Vanilla is grown on small patches of land both as a single crop as well as an inter crop. As it needs a lot of water for growth, it is largely grown on the rainier windward side of the island. Initially, vanilla is planted next to small trees until its vines grow to some height, at which point it is cut down closer to the soil so that it spreads across the ground. It starts to flower when about three years old; the flowering period is from July to August. The government of French Polynesia sets the mandate for the final humidity level of the vanilla beans which is currently 55 percent. This distinguishes vanilla from Tahiti from all other vanillas worldwide.

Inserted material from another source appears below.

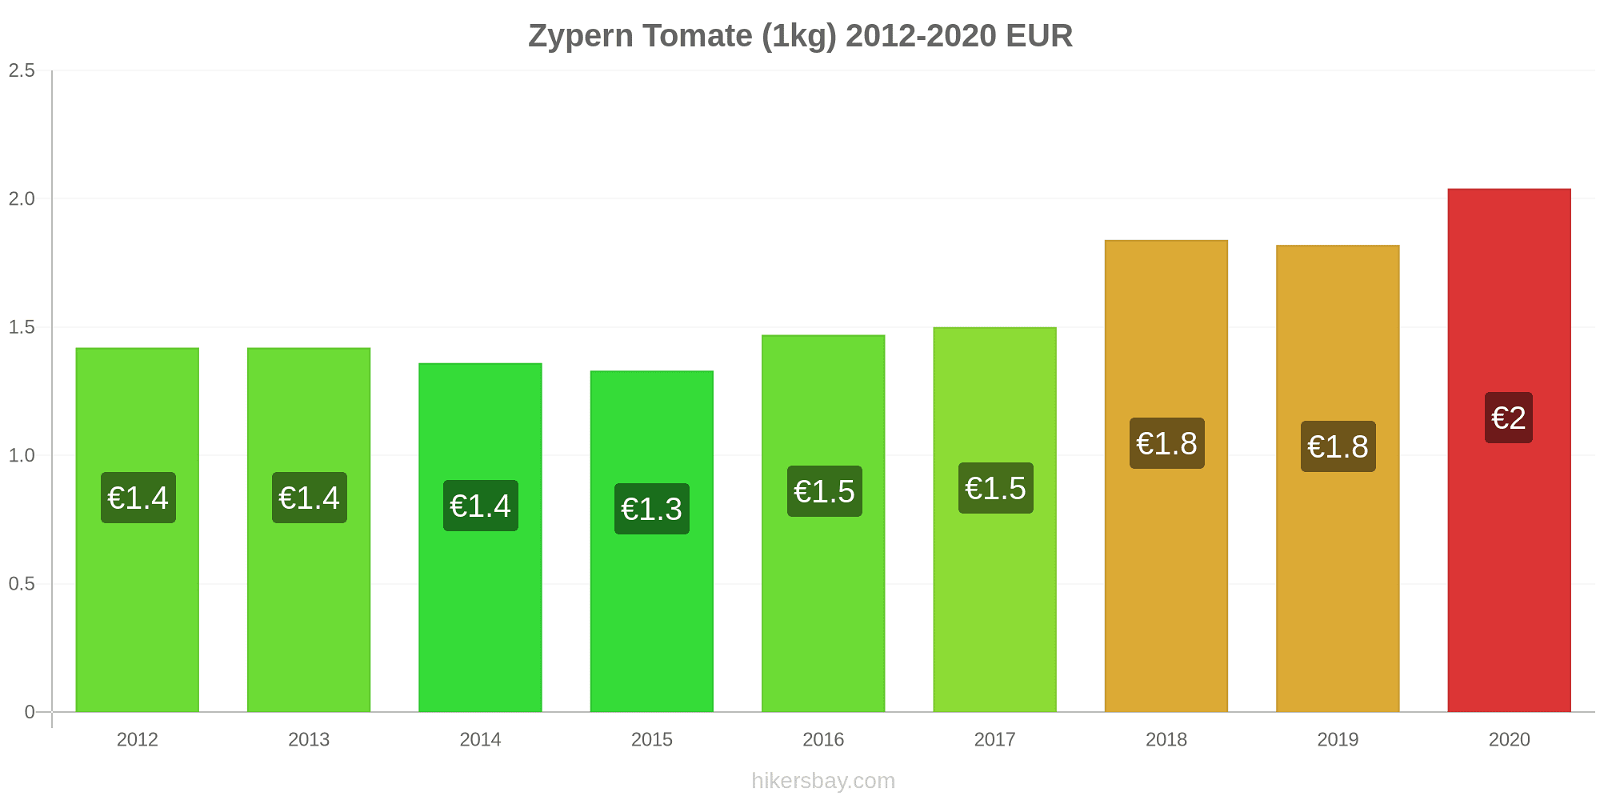 Zypern Preisänderungen Tomaten (1kg) hikersbay.com

Production, initially for export, reached a high of 200 tons in 1939. But it decreased to about 125 tons (metric) due to the onset of World War II in 1945. Exports gradually increased after the war to 300 tons by 1949 but then started to decline with about four tons of export in 1985 as it became ineffective to produce vanilla due to international competition, the costs of transportation of processed vanilla, exchange rates, state protectionism, plant pathology, varying global economics, and availability of cheaper varieties, which all affected the economics of vanilla production in the area.

The Centre d’Experimentation du Pacifique (CEP) was established with the goal of reviving the economy. It was launched in 1962 to overcome the drawbacks faced by the economy at large, with vanilla production being the economy's cornerstone at the time. In an effort to spark innovation and new growing techniques, emphasis was shifted to "shade house cultivation", with less-intensive labour required (due to the controlled indoor climate), and reduction in chemicals necessary for outdoor farming. Controlled growth resulted in an export record of 12 tons in 2010. In the present day, the production is largely locally utilized in view of Tahitian vanilla becoming a "status symbol of cultural identity and pride in Polynesia." Promotional actions instituted by the government to act upon this pride and boost vanilla production are many; even a dessert served by an airline in the on-board meal is infused with Tahitian vanilla.

As of 2013, vanilla production (FAO records for 2013) in French Polynesia (specifically Tahiti) accounted to only about 0.07% of the total world production; it was 60 tons from an area of 7 ha with a yield of 13 hectograms per ha, comparative to the 3,500 tons yielded by plantations in Madagascar, and 3,400 tons yielded in Indonesia.

Some plantations are open to tourists; Maison de la Vanille for instance, near Haamene, permits visitors to view the vanilla preparation and drying. The island of Tahaa offers a tour, conducted by a private outfit, that takes visitors to one of the older and more voluminous plantations, situated on Hurepiti Bay.